Terlebih lagi, karena memiliki berbagai produk dengan layanan yang berbeda, misalnya Google yang memiliki layanan mesin pencari, layanan komunikasi, dan layanan komputasi awan, banyak dari perusahaan ini harus berulang kali melakukan pendaftaran.
Jatuhnya tempo pendaftaran ini akan berbuah simalakama bagi pemerintah. Di satu sisi, batas akhir pendaftaran akan menjadi ujian ketegasan pemerintah, terutama Menteri Kominfo, apabila tidak segera melakukan pemblokiran terhadap PSE yang tidak mendaftar. Tanpa ketegasan sikap, besar kemungkinan kebijakan yang dikeluarkan tidak akan dipatuhi lagi di kemudian hari.

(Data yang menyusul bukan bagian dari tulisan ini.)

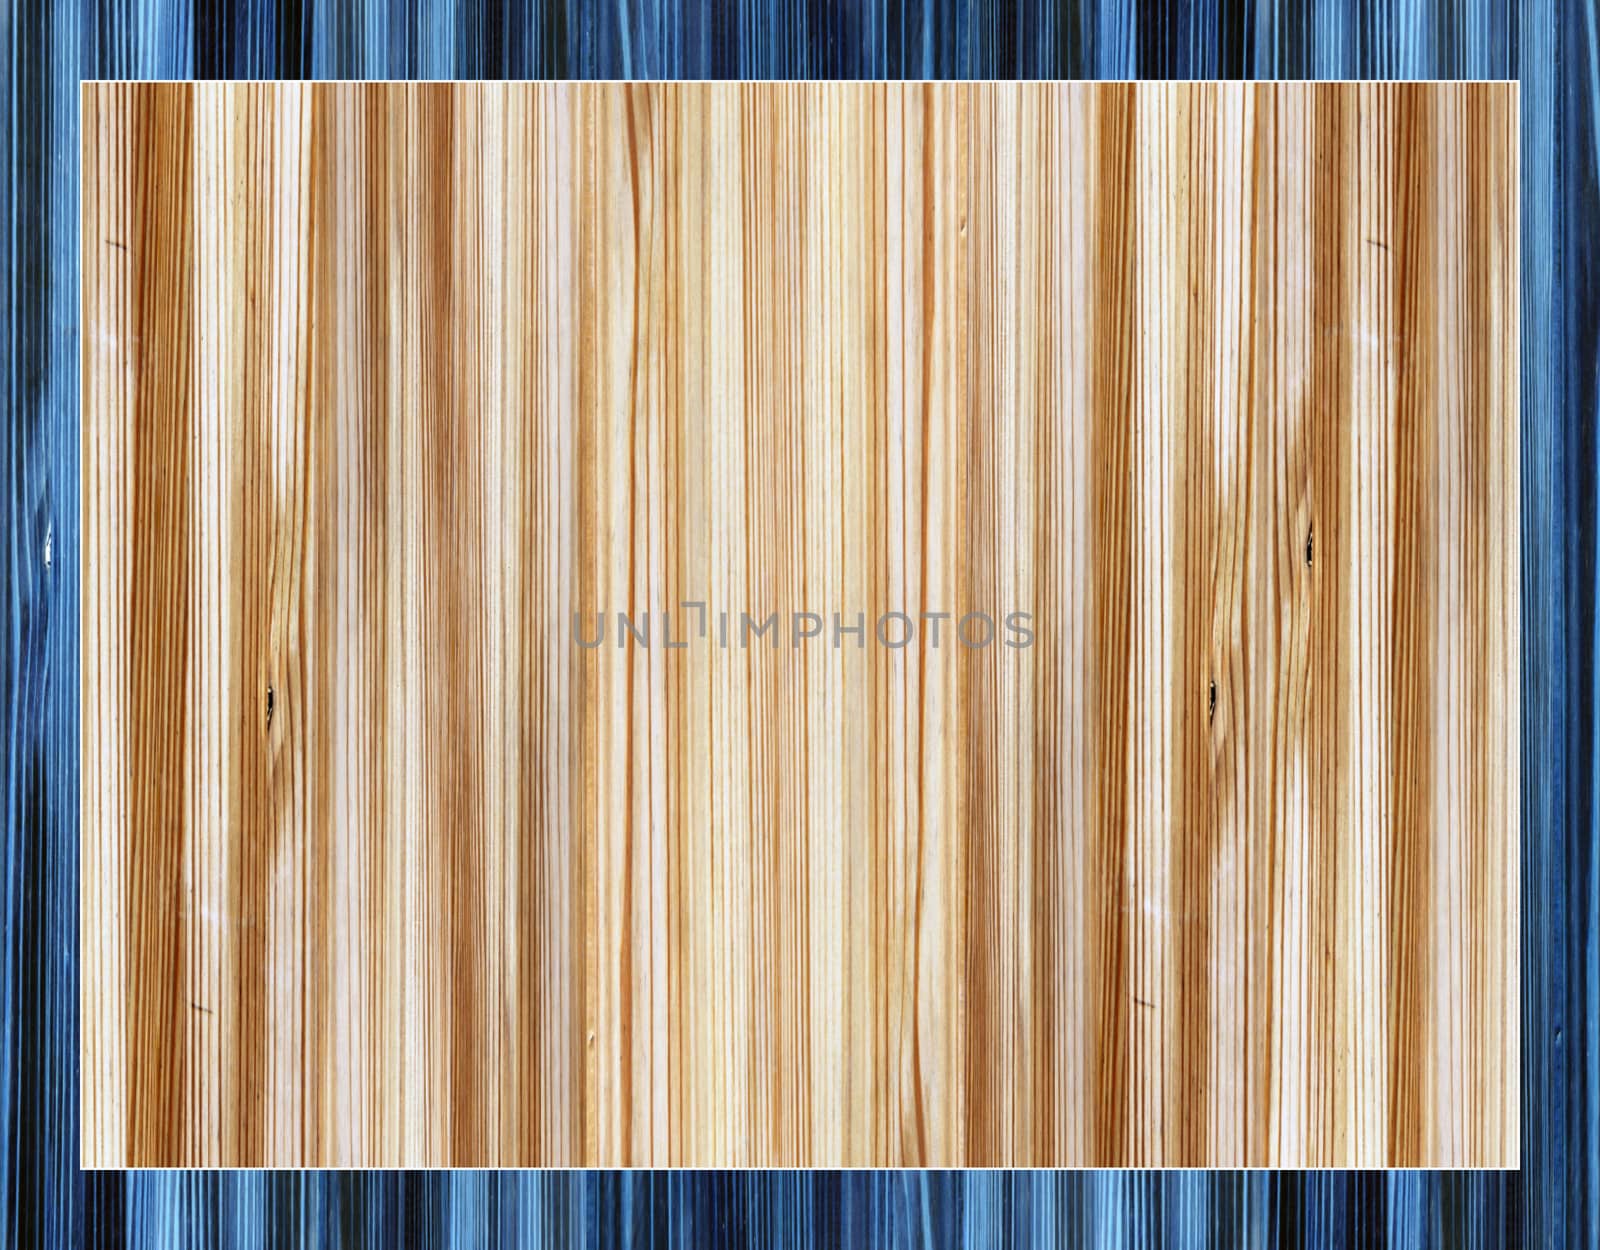 High resolution blonde wood texture with black vignette

Sementara di sisi lain, pemblokiran layanan PSE ini akan memberi dampak negatif bagi kehidupan masyarakat. Sehari-hari, masyarakat tidak bisa lepas dari layanan-layanan PSE dari luar negeri ini.
Pemblokiran layanan penyelenggara sistem elektronik ini akan memberi dampak negatif bagi kehidupan masyarakat.
Bahkan, pemerintah pun masih menggunakan berbagai layanan yang mereka sediakan, seperti layanan komunikasi via aplikasi chatting hingga aplikasi yang memberikan layanan pertemuan virtual, seperti Microsoft Teams, Zoom, atau Google Meet.
Hal ini menunjukkan bahwa jika benar-benar diblokir, banyak aspek kehidupan masyarakat akan terganggu. Jutaan usaha kecil dan menengah yang menawarkan produknya di media sosial akan berhenti beroperasi dan administrasi pemerintahan akan terhambat. Indonesia pun akan terputus dari ekosistem informasi dunia.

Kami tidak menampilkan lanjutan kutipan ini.